In the first experiment, only a final measurement (4 months after freezing simulation) was made of chlorophyll fluorescence at the cessation of the experiment on the first week of June, whereas in the second experiment, we also recorded this parameter and gas exchange (Pn and gS) 2 h after the freezing simulation and on Days 2, 4, 9, 17, 25, and 120. Four extra measurements of chlorophyll fluorescence were measured on Days 1, 3, 7, and 11. Together, these measurements provided long-term information concerning the length of time that freezing simulation altered chlorophyll fluorescence and gas exchange. The measurements in Expt. 2 were taken in the same leaves, which were previously tagged. In all cases, measurements were made in the middle of the blade of six leaves (two from the top of the plant, two from the center, and two at the base) per plant, and for each plant, the average of six shots was determined. Five plants per treatment for each oleander cultivar were used for experimental purposes.
Index of freezing injury.
To evaluate freezing temperature injury, we used an index of freezing injury, which was applied at the end of the experiments. The index ranged from 0 (no injury) to 4 (strong injury) based on the amount of leaf discoloration and leaf necrosis (leaf burn and red spots). Leaf discoloration percentage was calculated with a chlorophyll meter, SPAD-502 (Konica Minolta Sensing, Inc., Osaka, Japan). The measurements were performed in the same leaves as used for chlorophyll fluorescence determination. As a reference value, healthy control leaves were used and the discoloration was expressed as a percentage. Leaf necrosis percentage was calculated with the image analysis software for plant disease quantification ASSESS 2.0 (University of Manitoba, Winnipeg, Canada). Gradations in the rating scale were as follows: for leaf discoloration: less than 5% (0), less than 15% (1), 15% to 25% (2), 25% to 35% (3), and greater than 35% (4). For leaf necrosis: less than 1% (0), 1% to 5% (1), 5% to 10% (2), 10% to 15% (3), and greater than 15% (4). The individual ratings for leaf discoloration and leaf necrosis were averaged to give an overall freezing injury rating.
Statistical analysis and experimental design.

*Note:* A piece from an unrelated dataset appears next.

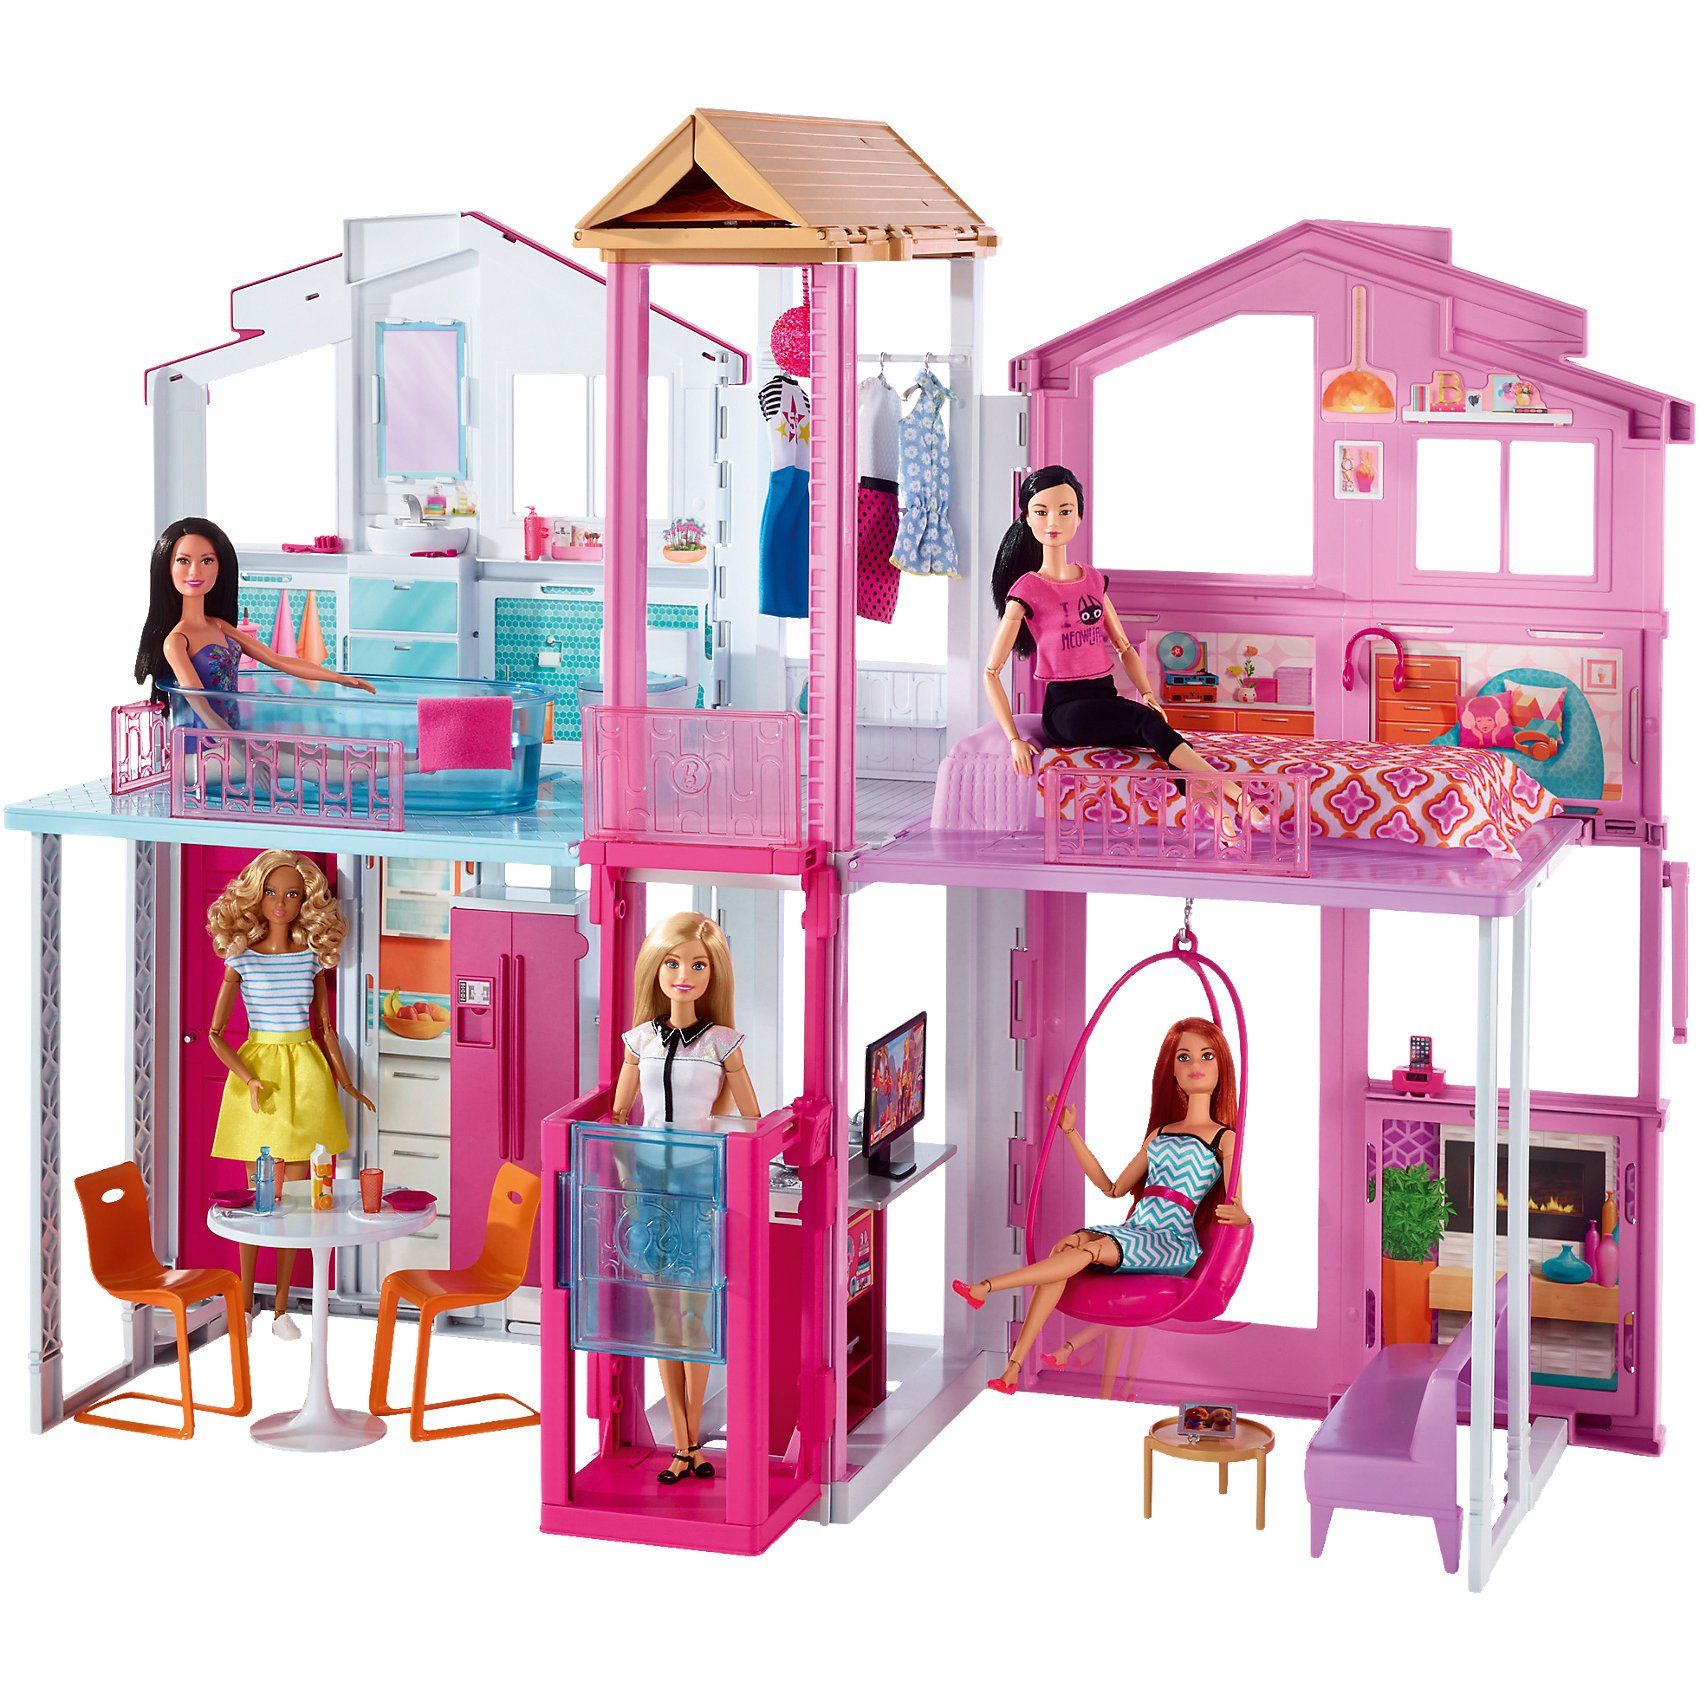 Большой набор кукол. Barbie dly32 Барби городской дом Малибу. Городской дом для Барби Малибу dly 32. Barbie кукольный домик Малибу. Barbie кукольный домик "Малибу" fxg57.

The experimental design was a randomized complete block with five replications. The effects of freezing on chlorophyll fluorescence, gas exchange, and the freezing injury were analyzed by one-way analysis of variance using Statgraphics Plus for Windows (Manugistics Inc., Rockville, MD). Treatment means were separated by least significant difference test (P < 0.05). Ratios and percentages were arcsine (x)1/2 transformed before statistical analysis to ensure homogeneity of variance. Regression analyses were performed using SigmaPlot 10.0 (Systat Software Inc., San Jose, CA).
Results and Discussion
Expt. 1.
In the first experiment, we measured three photochemical parameters 4 months after the freezing simulations. Figure 1 shows how the Fv/Fm and éPSII were similar between freezing treatments. The Fv/Fm values of the two cultivars tested ranged from 0.80 to 0.84 (Fig. 1A–B), whereas éPSII was from 0.33 to 0.55 (Fig. 1C–D). These values indicate that the quantum yield and leaf photosynthetic system efficiency in frozen plants were to be expected from healthy plants (Percival, 2005). However, the correlation analysis showed that pink oleander plants tended to reduced Fv/Fm at lower freezing temperatures (Fig. 1B). Thus, this correlation showed that Fv/Fm could be related to freezing temperature injury in this cultivar, although it is not sufficiently accurate to provide a clear freezing temperature threshold below which visual injury results.
Photochemical parameters in oleander leaves as a function of different intensities of freezing temperatures [c (control, no freezing), –1, –2, –3, and –4 °C] on 27 Jan. 2009. Measurements were made in the first week of June 2009. (A) Maximum photochemical efficiency of photosystem II (PSII) (Fv/Fm) in N. oleander ‘Yellow’; (B) Fv/Fm in N. oleander ‘Pink’; (C) quantum yield of PSII (éPSII) in N. oleander ‘Yellow’; (D) éPSII in N. oleander ‘Pink’; (E) non-photochemical quenching (NPQ) in N. oleander ‘Yellow’; (F) NPQ in N. oleander ‘Pink’. Vertical bars indicate se (n = 5). *Significant at P < 0.05, **significant at P < 0.005, ***significant at P < 0.0005, and not significant (ns).
Citation: HortScience horts 46, 6; 10.21273/HORTSCI.46.6.895
Photochemical parameters in oleander leaves as a function of different intensities of freezing temperatures [c (control, no freezing), –1, –2, –3, and –4 °C] on 27 Jan. 2009. Measurements were made in the first week of June 2009. (A) Maximum photochemical efficiency of photosystem II (PSII) (Fv/Fm) in N. oleander ‘Yellow’; (B) Fv/Fm in N. oleander ‘Pink’; (C) quantum yield of PSII (éPSII) in N. oleander ‘Yellow’; (D) éPSII in N. oleander ‘Pink’; (E) non-photochemical quenching (NPQ) in N. oleander ‘Yellow’; (F) NPQ in N. oleander ‘Pink’. Vertical bars indicate se (n = 5). *Significant at P < 0.05, **significant at P < 0.005, ***significant at P < 0.0005, and not significant (ns).
Citation: HortScience horts 46, 6; 10.21273/HORTSCI.46.6.895
Photochemical parameters in oleander leaves as a function of different intensities of freezing temperatures [c (control, no freezing), –1, –2, –3, and –4 °C] on 27 Jan. 2009. Measurements were made in the first week of June 2009. (A) Maximum photochemical efficiency of photosystem II (PSII) (Fv/Fm) in N. oleander ‘Yellow’; (B) Fv/Fm in N. oleander ‘Pink’; (C) quantum yield of PSII (éPSII) in N. oleander ‘Yellow’; (D) éPSII in N. oleander ‘Pink’; (E) non-photochemical quenching (NPQ) in N. oleander ‘Yellow’; (F) NPQ in N. oleander ‘Pink’. Vertical bars indicate se (n = 5). *Significant at P < 0.05, **significant at P < 0.005, ***significant at P < 0.0005, and not significant (ns).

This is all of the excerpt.